Work item =>
Leaving all pictures out, output exactly and only the line containing "Publications of the" and the lines that follow it to the end of the material below.

### Data provided

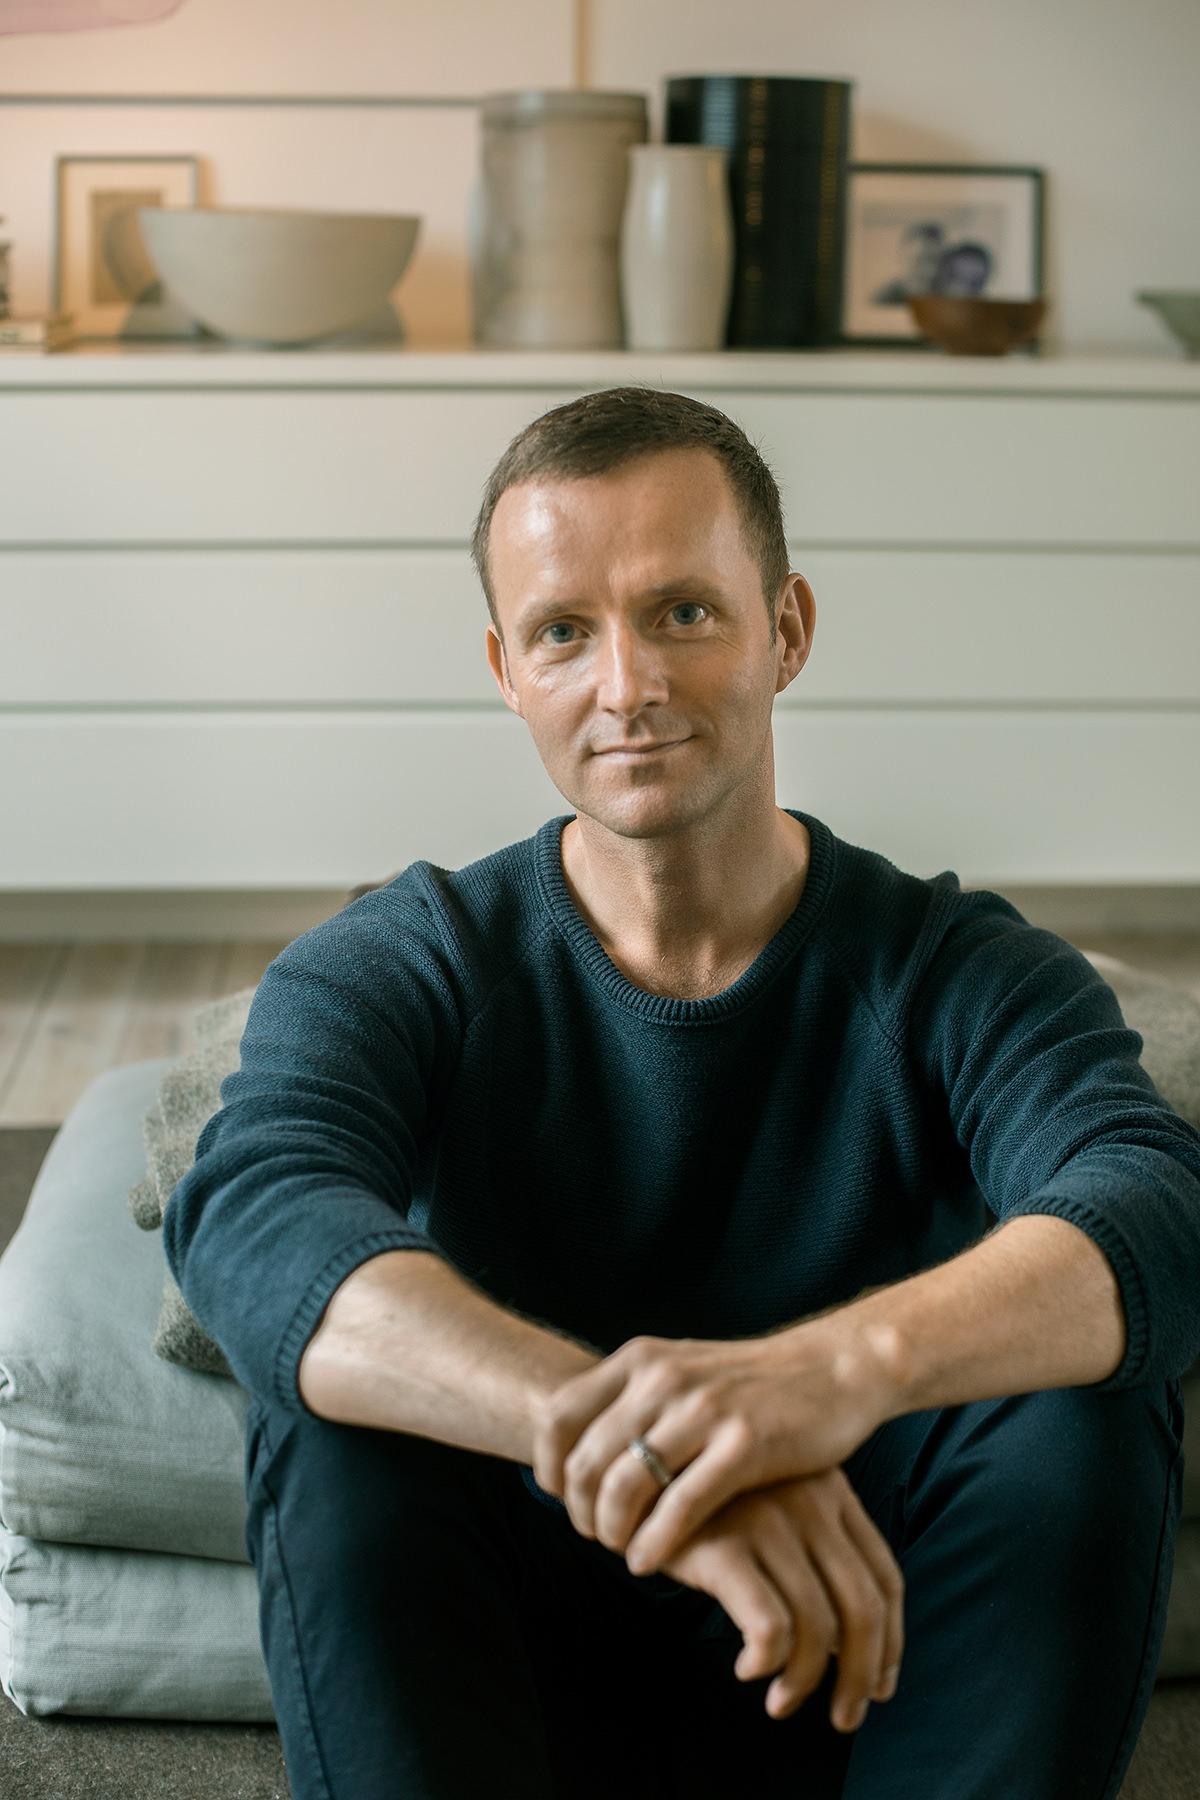 JYLLANDS POSTEN Designer portræt Lars Vejen 20170101 lvj
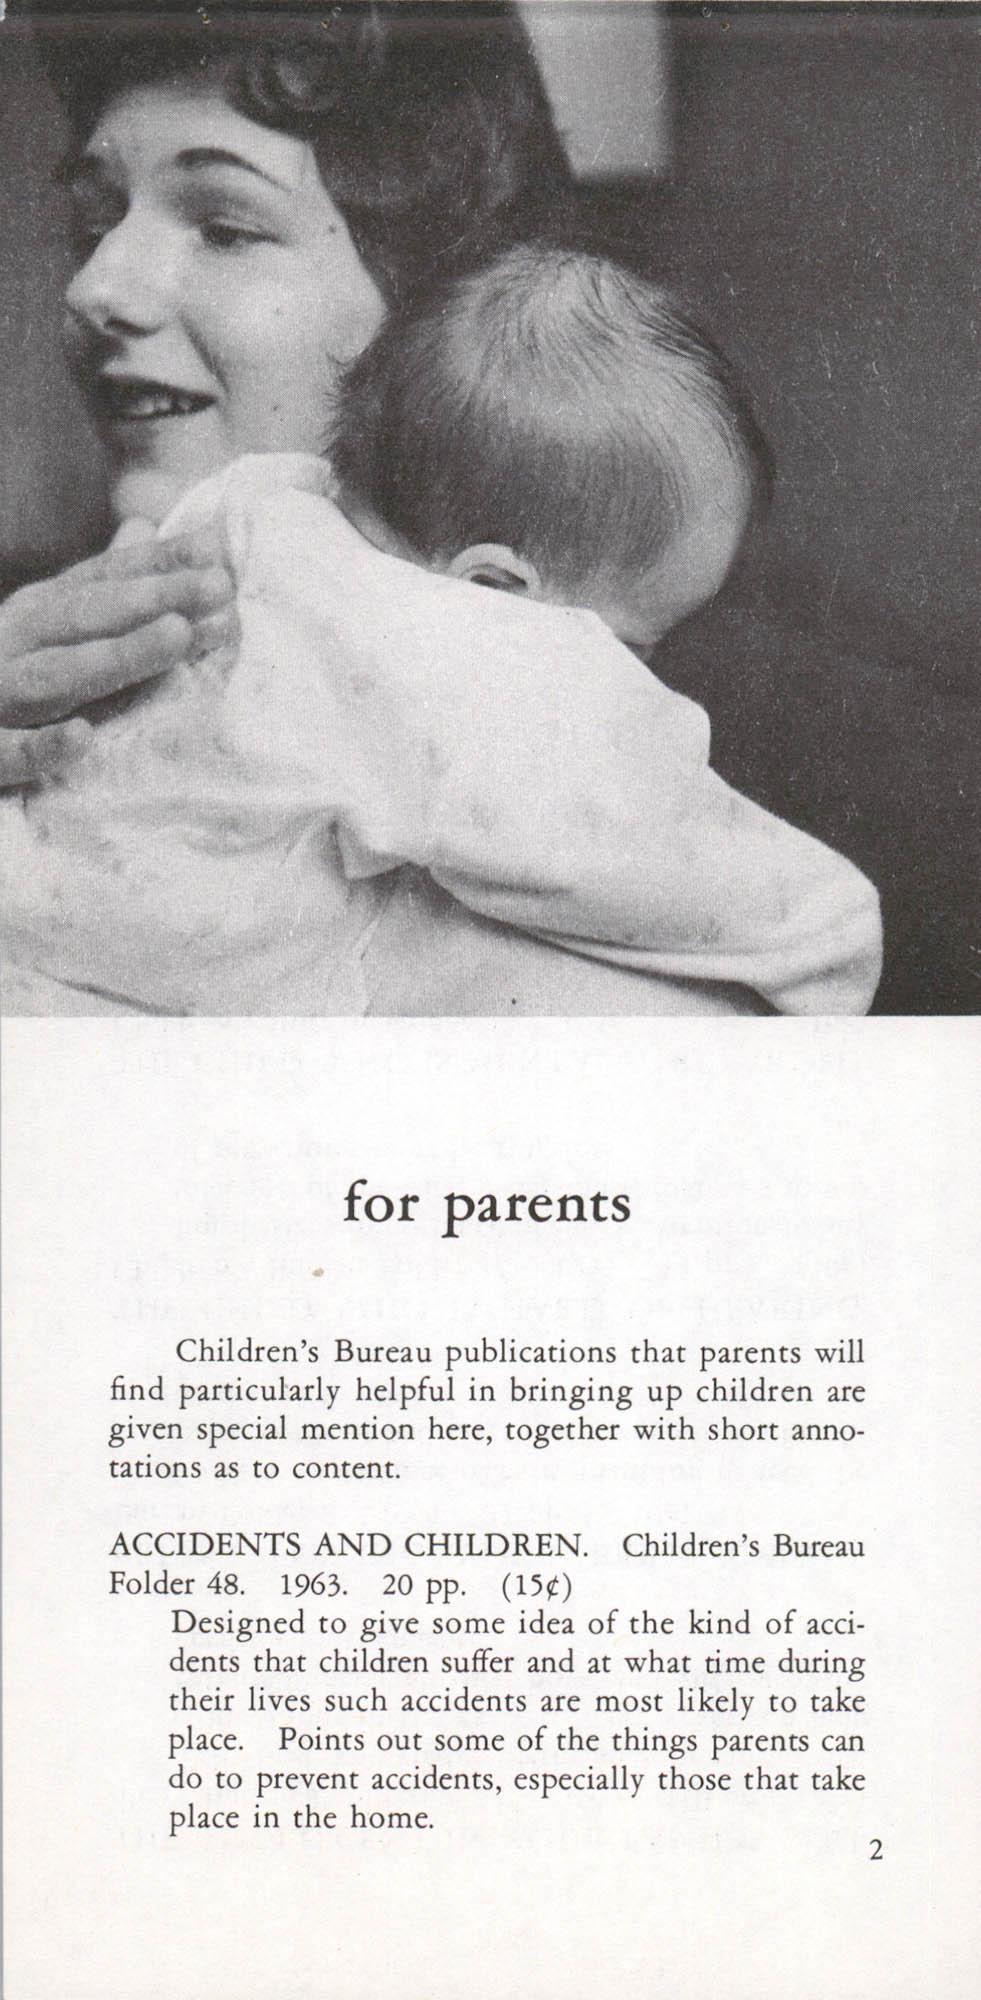 Publications of the Children's Bureau, Page 2
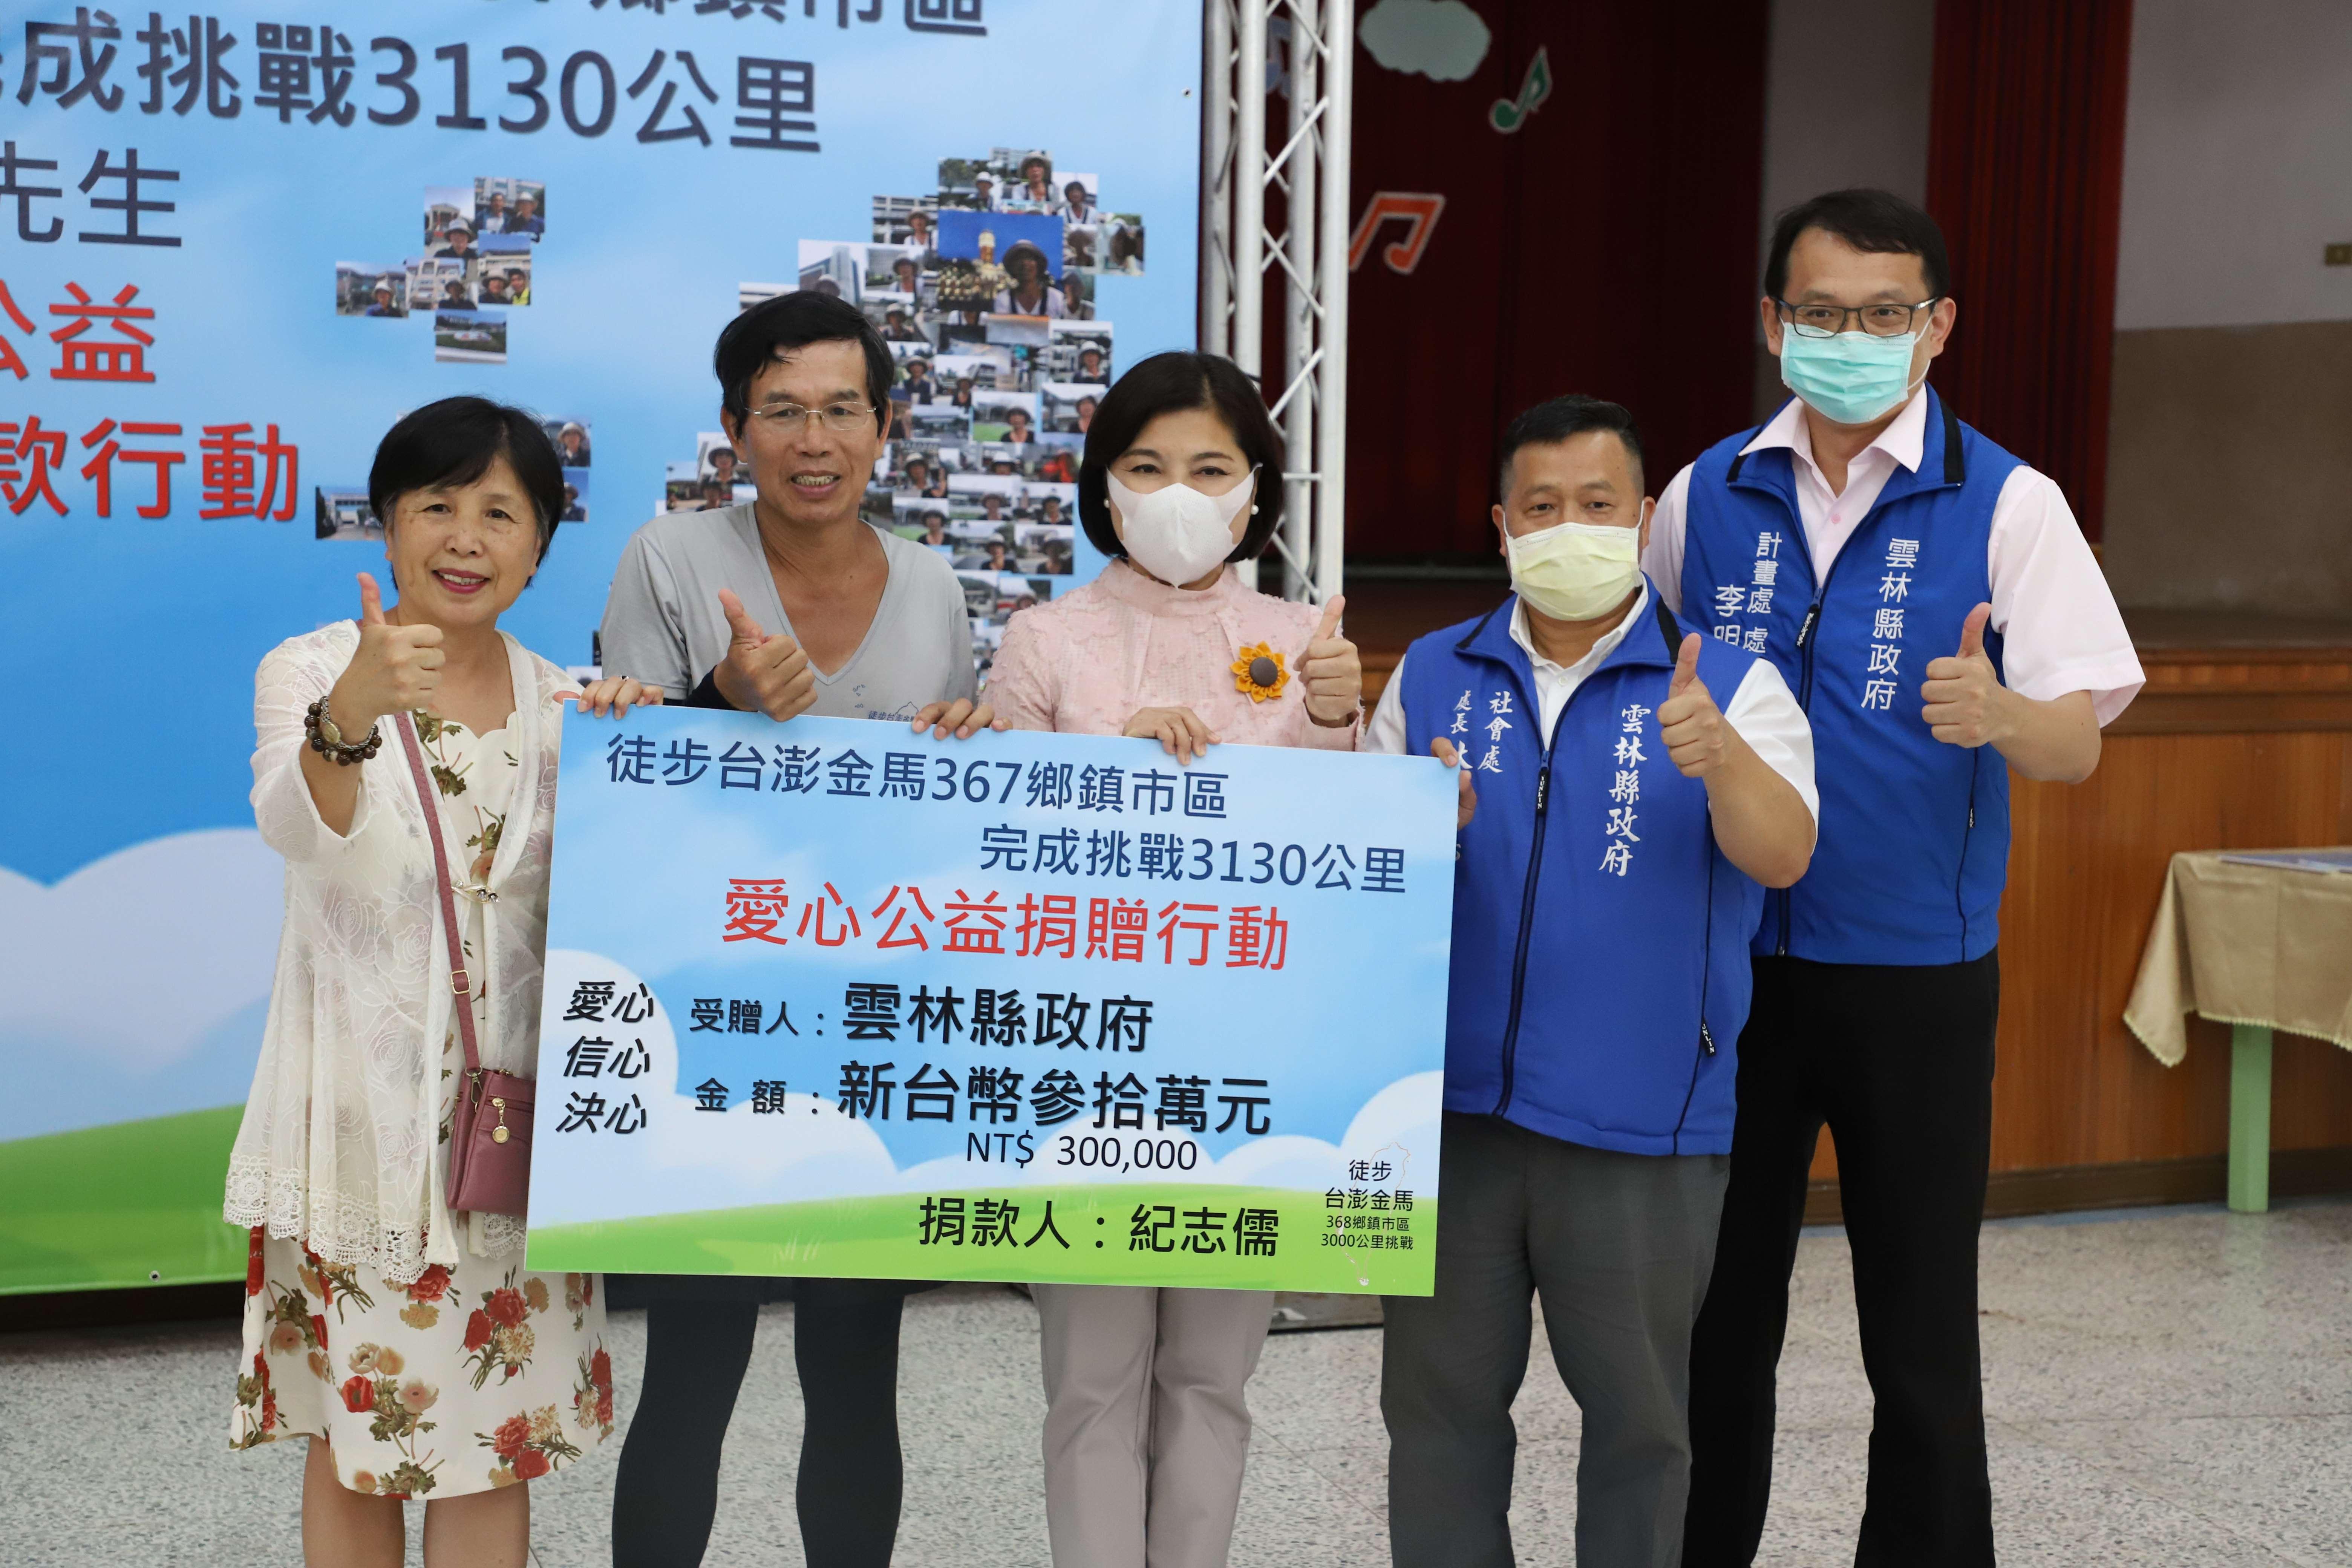 紀志儒先生捐贈30萬給雲林縣政府,由縣長張麗善代表接受。

######

Response box =>
 Publications of the Children's Bureau, Page 2
 紀志儒先生捐贈30萬給雲林縣政府,由縣長張麗善代表接受。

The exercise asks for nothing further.